En 1992, Mugler marque l’histoire du parfum avec la sortie d’« Angel », révolutionnant l’industrie avec son sillage gourmand et sa bouteille en forme d’étoile. Le succès du parfum est immense, consolidant l’association entre haute couture et industrie du parfum, modèle aujourd’hui largement adopté par d’autres maisons de luxe. Il ouvre alors la porte à des déclinaisons beauté, tout en continuant d’explorer la scénographie de défilés grandioses, dont le point d’orgue est le show anniversaire de 1995 au Cirque d’Hiver, qualifié de « Woodstock de la mode ».
Mugler se distingue aussi par ses collaborations hors du commun : direction de spectacles comme « Zumanity » du Cirque du Soleil, création du spectacle « Mugler Follies » à Paris puis de « The Wyld » à Berlin, et conception de costumes pour Beyoncé lors de la tournée « I Am... World Tour ». Il revient brièvement à la création de mode pour Kim Kardashian, en concevant la célèbre robe mouillée du Met Gala 2019.

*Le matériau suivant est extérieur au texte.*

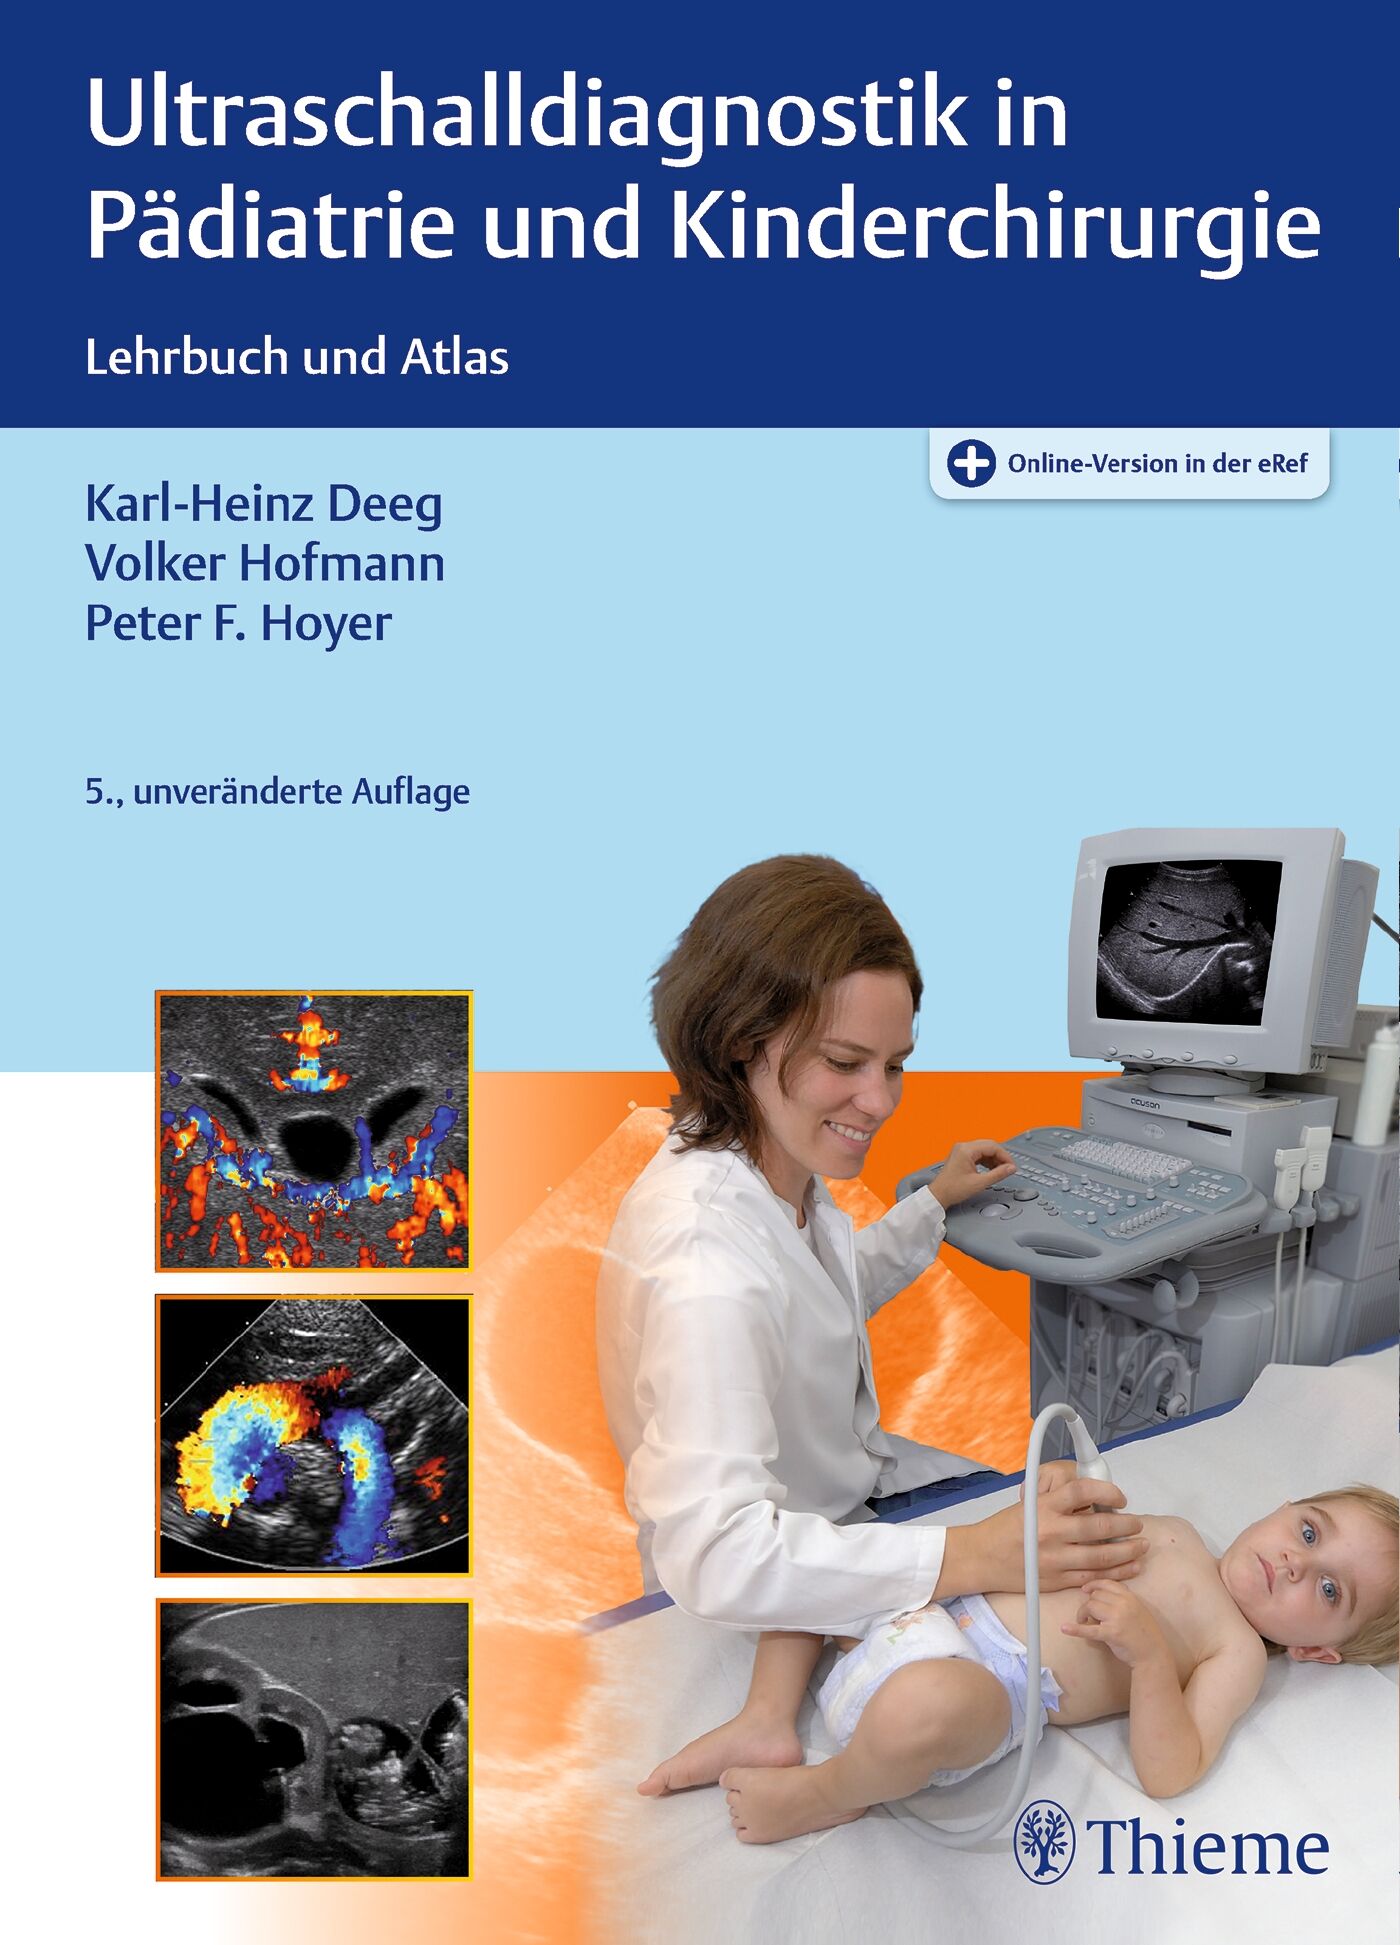 Ultraschalldiagnostik in Pädiatrie und Kinderchirurgie, 9783132424678

Difficultés et changement de cap
Au début des années 2000, Mugler fait face à des difficultés financières. En 2002, il se retire officiellement de la mode et laisse la direction de la marque. Le volet couture est mis en pause, seul le parfum et la branche beauté étant conservés par le groupe Clarins, en raison de leur rentabilité. Bien que replié, Mugler reste prolifique dans d’autres domaines, dirigeant des spectacles et multipliant les projets artistiques. Sa passion pour le corps se traduit notamment par un engagement dans le culturisme, et par une transformation physique assumée à la suite de plusieurs accidents graves, dont il ressortira avec une nouvelle approche de l’esthétique et de l’identité.
Héritage et influence sur la mode
Thierry Mugler laisse une empreinte indélébile dans l’histoire de la mode. Son influence se ressent dans la libération créative de la fin du XXe siècle : il a redéfini les codes de la féminité, anticipé les questions d’inclusivité et de représentation qui agitent aujourd’hui le milieu de la mode, et opéré la synthèse entre haute couture, musique, performance et pop culture. Il a contribué à faire du défilé un véritable spectacle total, marquant des générations de créateurs et influençant le concept même de « power dressing ». L’esprit de la maison Mugler, désormais pilotée par Casey Cadwallader, perpétue cette avant-garde à travers des collections acclamées et des hommages répétitifs aux codes du fondateur.
Fin de vie et postérité
Installé entre Paris et New York, Mugler continue de s’investir dans le bien-être, la discipline corporelle et la création sous toutes ses formes, jusqu’à son décès le 23 janvier 2022 à Vincennes à l’âge de 73 ans. Son parcours hors normes, jalonné de triomphes et de remises en question, fait de lui un des créateurs les plus novateurs de sa génération, et sa vision radicale continue d’éclairer l’histoire de la mode contemporaine.